◆ REQUIRED WORK: What is needed is an exact copy of the lines in the listing below, from the one with "Womens Sea Green" up to and including the one with "Advantages of having a good mentor.", with no other lines.

◆ MATERIALS PROVIDED:
──────────

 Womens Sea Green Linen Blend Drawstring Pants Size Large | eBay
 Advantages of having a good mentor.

──────────

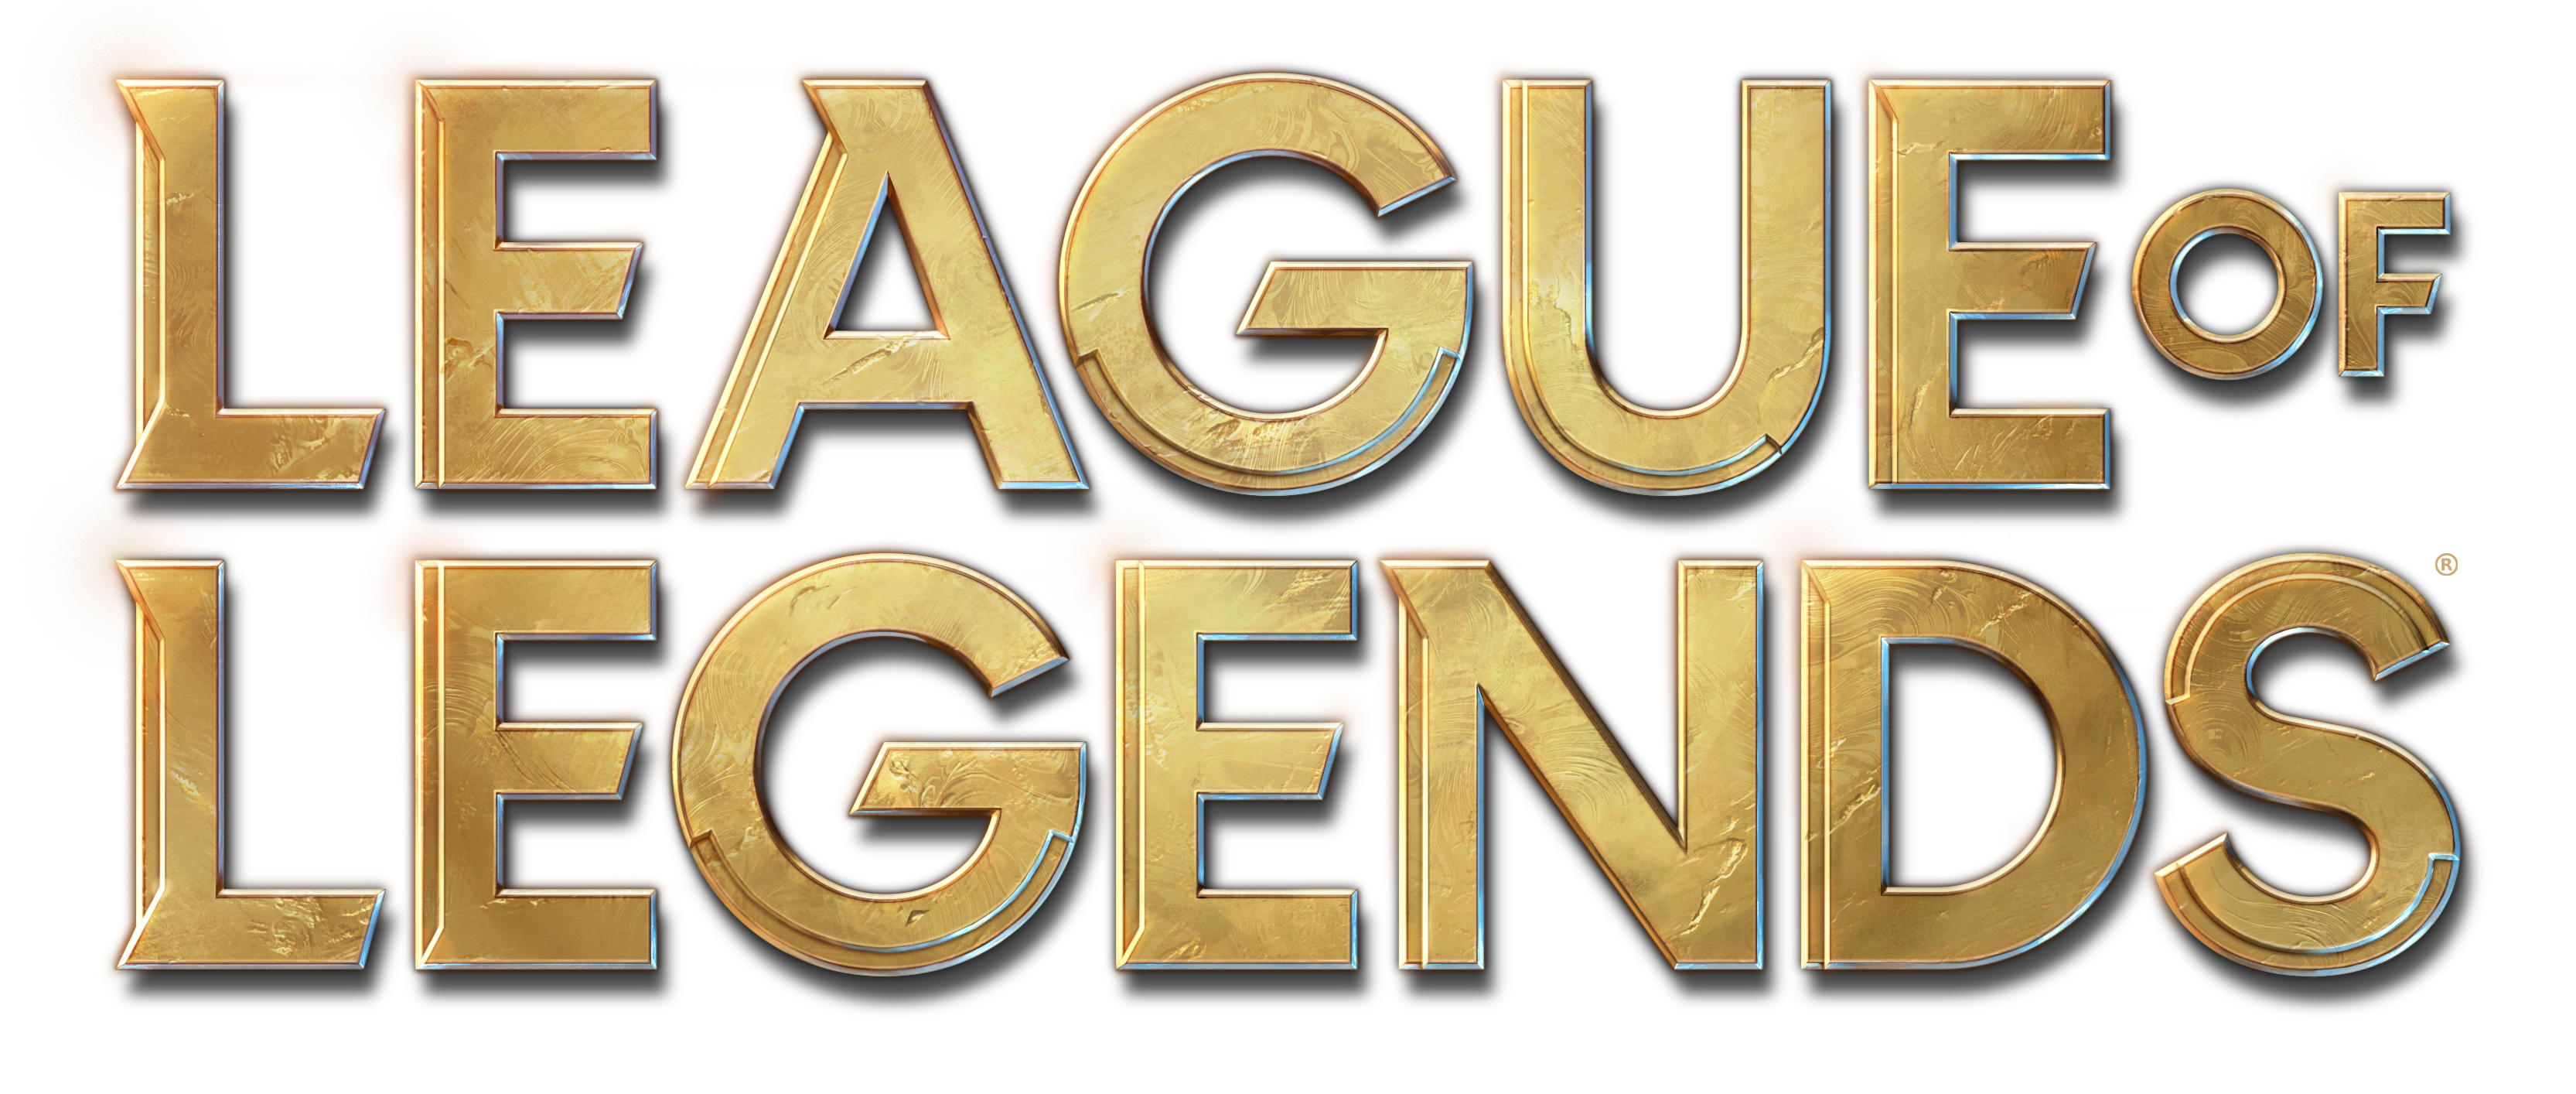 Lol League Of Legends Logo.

──────────

◆ YOUR SOLUTION:
 Womens Sea Green Linen Blend Drawstring Pants Size Large | eBay
 Advantages of having a good mentor.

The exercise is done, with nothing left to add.